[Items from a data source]
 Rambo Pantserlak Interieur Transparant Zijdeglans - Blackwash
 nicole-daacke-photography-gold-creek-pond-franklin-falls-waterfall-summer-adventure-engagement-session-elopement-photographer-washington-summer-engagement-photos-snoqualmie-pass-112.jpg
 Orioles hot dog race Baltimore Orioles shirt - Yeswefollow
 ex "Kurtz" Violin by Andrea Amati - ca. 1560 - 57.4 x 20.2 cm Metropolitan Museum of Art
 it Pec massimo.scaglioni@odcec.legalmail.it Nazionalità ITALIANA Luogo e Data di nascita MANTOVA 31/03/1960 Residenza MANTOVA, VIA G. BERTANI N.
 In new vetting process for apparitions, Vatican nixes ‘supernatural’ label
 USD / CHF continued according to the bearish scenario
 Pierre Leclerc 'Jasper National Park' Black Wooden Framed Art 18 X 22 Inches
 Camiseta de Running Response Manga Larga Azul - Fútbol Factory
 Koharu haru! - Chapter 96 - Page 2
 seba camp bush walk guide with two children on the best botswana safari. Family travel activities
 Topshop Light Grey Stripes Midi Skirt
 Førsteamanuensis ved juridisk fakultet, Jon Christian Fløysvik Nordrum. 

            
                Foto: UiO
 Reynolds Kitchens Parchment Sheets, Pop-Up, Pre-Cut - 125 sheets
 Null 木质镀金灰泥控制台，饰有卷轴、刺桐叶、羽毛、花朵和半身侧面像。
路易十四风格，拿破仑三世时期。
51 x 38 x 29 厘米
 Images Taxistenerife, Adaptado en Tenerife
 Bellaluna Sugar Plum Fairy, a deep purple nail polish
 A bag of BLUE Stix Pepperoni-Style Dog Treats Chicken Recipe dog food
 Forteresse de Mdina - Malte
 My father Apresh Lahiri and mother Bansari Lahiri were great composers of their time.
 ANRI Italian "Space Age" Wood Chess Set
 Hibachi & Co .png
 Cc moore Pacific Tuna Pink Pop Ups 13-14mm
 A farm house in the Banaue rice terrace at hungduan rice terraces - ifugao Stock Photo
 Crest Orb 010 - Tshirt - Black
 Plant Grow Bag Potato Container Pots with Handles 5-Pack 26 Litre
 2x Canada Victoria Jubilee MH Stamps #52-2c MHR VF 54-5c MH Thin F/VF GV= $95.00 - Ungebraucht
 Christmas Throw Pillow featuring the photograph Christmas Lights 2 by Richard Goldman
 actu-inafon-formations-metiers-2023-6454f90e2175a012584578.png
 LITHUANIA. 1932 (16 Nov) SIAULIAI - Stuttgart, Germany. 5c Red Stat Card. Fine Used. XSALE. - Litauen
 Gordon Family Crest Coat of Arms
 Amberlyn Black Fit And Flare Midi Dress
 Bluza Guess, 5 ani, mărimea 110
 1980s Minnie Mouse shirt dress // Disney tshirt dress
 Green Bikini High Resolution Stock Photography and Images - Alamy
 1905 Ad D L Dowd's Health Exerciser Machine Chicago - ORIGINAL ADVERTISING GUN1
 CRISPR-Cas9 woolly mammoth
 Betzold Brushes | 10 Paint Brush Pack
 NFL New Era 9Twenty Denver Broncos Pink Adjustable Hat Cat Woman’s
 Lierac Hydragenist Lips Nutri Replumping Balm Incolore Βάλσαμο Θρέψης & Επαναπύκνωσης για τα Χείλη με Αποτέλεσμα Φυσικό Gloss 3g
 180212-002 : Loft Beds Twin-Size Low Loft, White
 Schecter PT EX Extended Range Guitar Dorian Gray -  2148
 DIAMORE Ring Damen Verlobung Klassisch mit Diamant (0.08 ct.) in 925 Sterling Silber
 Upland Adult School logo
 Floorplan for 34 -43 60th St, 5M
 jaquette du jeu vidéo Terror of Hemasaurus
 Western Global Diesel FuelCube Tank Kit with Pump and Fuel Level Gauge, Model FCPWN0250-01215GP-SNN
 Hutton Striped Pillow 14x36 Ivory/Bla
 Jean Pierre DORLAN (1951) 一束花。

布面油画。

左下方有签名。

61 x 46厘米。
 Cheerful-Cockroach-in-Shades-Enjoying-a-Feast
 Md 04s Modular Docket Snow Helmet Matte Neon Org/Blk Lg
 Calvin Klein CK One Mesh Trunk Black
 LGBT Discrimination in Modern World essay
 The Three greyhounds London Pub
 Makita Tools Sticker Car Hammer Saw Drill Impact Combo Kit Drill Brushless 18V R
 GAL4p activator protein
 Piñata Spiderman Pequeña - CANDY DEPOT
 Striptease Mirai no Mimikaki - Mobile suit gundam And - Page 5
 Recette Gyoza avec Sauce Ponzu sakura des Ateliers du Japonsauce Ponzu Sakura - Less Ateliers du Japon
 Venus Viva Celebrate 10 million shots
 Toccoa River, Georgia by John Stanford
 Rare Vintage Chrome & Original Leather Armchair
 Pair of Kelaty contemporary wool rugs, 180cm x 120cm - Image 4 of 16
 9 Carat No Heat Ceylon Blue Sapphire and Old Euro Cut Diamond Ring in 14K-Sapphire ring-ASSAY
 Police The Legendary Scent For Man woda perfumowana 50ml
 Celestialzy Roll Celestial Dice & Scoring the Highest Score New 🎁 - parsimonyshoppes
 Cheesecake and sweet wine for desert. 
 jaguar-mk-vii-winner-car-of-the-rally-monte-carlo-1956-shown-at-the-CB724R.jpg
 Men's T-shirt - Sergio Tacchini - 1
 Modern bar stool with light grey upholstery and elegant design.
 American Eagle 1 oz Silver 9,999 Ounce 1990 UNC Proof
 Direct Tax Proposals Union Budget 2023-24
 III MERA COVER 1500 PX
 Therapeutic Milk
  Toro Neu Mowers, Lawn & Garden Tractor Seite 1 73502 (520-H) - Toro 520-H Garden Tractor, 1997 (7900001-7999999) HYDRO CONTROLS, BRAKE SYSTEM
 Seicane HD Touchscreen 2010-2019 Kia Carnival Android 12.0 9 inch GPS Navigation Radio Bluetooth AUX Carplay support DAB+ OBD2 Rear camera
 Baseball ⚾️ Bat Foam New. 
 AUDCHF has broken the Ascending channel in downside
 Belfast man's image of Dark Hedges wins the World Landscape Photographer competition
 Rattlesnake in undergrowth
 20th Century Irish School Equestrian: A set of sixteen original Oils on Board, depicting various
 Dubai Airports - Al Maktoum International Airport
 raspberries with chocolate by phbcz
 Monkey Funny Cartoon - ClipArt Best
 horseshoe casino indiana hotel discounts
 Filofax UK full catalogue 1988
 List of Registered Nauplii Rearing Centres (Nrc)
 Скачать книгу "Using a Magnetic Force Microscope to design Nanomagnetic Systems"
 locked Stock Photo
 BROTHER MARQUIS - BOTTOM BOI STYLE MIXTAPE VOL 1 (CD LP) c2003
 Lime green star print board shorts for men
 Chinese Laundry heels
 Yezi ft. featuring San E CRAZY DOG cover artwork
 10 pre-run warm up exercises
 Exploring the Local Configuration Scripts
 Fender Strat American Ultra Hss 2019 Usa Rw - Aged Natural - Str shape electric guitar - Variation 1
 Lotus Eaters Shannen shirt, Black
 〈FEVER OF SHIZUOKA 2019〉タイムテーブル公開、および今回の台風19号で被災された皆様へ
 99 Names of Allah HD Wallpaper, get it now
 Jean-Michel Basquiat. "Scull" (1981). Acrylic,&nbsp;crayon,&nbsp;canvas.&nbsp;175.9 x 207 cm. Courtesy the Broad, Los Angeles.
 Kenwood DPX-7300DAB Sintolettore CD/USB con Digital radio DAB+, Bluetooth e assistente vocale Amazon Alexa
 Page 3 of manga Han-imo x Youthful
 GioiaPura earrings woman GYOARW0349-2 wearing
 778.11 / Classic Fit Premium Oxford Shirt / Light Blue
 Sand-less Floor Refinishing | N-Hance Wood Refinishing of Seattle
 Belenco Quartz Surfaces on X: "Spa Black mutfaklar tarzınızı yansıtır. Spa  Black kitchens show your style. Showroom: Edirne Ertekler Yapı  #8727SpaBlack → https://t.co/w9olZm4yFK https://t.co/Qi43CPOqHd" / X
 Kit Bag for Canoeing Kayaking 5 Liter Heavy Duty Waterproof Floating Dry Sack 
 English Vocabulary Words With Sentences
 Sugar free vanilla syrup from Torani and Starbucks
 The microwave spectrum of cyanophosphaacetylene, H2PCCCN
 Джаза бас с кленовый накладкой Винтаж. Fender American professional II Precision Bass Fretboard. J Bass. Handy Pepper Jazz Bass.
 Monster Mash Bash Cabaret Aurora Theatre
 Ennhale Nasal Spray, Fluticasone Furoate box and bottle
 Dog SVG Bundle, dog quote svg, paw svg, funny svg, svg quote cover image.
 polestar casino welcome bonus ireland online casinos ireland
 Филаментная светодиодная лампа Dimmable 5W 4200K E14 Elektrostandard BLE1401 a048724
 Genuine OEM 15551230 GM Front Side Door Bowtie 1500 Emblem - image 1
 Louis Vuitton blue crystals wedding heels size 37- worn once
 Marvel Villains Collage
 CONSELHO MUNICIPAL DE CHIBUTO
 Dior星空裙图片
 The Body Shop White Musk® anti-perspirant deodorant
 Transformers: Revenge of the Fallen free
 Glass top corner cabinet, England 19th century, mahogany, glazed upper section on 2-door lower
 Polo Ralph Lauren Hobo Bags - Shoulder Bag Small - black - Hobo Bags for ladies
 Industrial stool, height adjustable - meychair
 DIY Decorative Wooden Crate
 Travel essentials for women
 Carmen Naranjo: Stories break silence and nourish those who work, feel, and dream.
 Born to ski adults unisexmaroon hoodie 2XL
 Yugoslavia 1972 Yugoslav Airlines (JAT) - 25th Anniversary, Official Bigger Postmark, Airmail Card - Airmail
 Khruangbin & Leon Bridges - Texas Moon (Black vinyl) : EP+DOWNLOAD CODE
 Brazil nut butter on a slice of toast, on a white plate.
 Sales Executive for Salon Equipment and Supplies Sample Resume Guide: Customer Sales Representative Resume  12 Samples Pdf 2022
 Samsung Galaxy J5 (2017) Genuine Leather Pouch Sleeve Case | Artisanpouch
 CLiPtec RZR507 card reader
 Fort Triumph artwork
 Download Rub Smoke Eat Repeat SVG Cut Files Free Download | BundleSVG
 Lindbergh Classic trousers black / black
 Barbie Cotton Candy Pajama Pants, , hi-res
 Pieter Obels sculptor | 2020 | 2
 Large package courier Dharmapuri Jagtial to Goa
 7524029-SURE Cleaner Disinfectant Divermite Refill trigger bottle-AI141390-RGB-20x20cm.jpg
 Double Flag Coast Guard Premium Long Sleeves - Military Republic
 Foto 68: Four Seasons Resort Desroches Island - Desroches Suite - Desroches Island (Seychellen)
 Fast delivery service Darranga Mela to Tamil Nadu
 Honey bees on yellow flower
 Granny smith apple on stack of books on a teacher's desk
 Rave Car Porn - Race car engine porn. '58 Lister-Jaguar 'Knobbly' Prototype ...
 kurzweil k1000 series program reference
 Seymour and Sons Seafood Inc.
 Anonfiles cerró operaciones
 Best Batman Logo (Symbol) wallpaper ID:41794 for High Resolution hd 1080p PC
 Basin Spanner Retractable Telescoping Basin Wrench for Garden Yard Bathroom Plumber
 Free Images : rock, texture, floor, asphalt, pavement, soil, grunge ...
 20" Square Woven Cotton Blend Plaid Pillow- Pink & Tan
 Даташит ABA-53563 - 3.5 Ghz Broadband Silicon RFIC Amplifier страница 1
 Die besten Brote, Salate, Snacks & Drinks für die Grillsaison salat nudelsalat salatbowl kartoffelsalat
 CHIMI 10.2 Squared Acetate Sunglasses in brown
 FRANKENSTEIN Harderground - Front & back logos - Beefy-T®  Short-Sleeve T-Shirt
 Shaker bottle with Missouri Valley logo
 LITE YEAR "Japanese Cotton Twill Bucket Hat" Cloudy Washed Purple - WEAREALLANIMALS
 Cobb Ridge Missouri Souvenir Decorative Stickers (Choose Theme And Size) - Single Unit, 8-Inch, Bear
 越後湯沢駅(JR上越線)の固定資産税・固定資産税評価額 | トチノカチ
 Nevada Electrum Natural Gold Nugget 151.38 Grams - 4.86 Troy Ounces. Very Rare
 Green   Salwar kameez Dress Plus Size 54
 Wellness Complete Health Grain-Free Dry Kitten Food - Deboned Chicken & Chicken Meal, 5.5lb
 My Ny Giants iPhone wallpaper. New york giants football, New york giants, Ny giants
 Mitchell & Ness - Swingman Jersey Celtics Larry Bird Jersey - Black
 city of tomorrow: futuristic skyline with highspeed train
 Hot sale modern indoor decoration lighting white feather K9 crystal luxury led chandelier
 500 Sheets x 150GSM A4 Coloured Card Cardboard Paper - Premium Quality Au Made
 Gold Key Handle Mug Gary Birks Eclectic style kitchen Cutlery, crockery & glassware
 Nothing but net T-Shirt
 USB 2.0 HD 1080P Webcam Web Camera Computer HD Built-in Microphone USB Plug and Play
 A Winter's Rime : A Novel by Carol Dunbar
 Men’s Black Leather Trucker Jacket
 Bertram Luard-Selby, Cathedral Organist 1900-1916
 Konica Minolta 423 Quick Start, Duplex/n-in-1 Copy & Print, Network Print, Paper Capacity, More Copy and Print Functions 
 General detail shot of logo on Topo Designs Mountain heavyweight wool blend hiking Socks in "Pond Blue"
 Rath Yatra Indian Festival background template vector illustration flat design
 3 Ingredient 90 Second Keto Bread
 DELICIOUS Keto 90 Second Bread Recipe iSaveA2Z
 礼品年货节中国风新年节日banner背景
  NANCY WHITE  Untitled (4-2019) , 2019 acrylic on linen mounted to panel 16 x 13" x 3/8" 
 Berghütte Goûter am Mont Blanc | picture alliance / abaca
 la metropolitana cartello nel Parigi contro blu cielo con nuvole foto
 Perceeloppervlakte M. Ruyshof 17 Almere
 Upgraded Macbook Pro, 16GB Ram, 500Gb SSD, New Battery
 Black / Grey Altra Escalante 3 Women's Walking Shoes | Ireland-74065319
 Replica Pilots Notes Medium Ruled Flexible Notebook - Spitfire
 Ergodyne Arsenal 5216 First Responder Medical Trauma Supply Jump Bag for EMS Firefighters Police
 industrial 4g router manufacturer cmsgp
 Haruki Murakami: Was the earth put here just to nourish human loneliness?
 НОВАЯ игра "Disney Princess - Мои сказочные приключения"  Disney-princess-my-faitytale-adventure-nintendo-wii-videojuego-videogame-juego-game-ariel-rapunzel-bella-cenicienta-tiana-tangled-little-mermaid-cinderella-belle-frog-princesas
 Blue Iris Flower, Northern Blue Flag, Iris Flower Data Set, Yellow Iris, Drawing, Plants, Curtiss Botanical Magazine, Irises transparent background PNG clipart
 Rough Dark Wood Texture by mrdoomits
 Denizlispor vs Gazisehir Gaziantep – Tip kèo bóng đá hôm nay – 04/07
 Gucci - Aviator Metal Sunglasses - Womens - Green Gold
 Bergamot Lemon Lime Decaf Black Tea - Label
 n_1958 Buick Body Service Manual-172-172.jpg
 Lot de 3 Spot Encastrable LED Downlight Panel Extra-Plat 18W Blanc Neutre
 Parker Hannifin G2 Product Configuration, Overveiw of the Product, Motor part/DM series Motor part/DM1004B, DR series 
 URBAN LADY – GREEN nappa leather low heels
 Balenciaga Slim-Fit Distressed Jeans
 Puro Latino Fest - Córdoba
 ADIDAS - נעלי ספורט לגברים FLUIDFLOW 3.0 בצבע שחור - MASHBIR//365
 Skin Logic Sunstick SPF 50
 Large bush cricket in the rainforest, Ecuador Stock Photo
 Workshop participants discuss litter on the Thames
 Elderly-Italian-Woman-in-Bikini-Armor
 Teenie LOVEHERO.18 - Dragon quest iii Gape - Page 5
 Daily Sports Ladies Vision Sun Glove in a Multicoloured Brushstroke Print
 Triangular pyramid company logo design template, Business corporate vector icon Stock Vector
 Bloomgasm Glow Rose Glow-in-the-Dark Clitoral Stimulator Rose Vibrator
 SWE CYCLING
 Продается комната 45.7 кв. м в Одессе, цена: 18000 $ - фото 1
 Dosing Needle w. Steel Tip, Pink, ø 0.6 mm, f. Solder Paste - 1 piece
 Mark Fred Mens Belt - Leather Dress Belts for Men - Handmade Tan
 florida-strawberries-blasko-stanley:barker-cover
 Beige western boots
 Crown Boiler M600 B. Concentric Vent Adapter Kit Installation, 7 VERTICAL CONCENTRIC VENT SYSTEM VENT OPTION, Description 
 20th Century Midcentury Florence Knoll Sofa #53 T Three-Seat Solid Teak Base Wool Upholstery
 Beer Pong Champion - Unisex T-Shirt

(What the task requires): Show all lines in the records above that hold "series".

(Exercise output):
 kurzweil k1000 series program reference
 Parker Hannifin G2 Product Configuration, Overveiw of the Product, Motor part/DM series Motor part/DM1004B, DR series 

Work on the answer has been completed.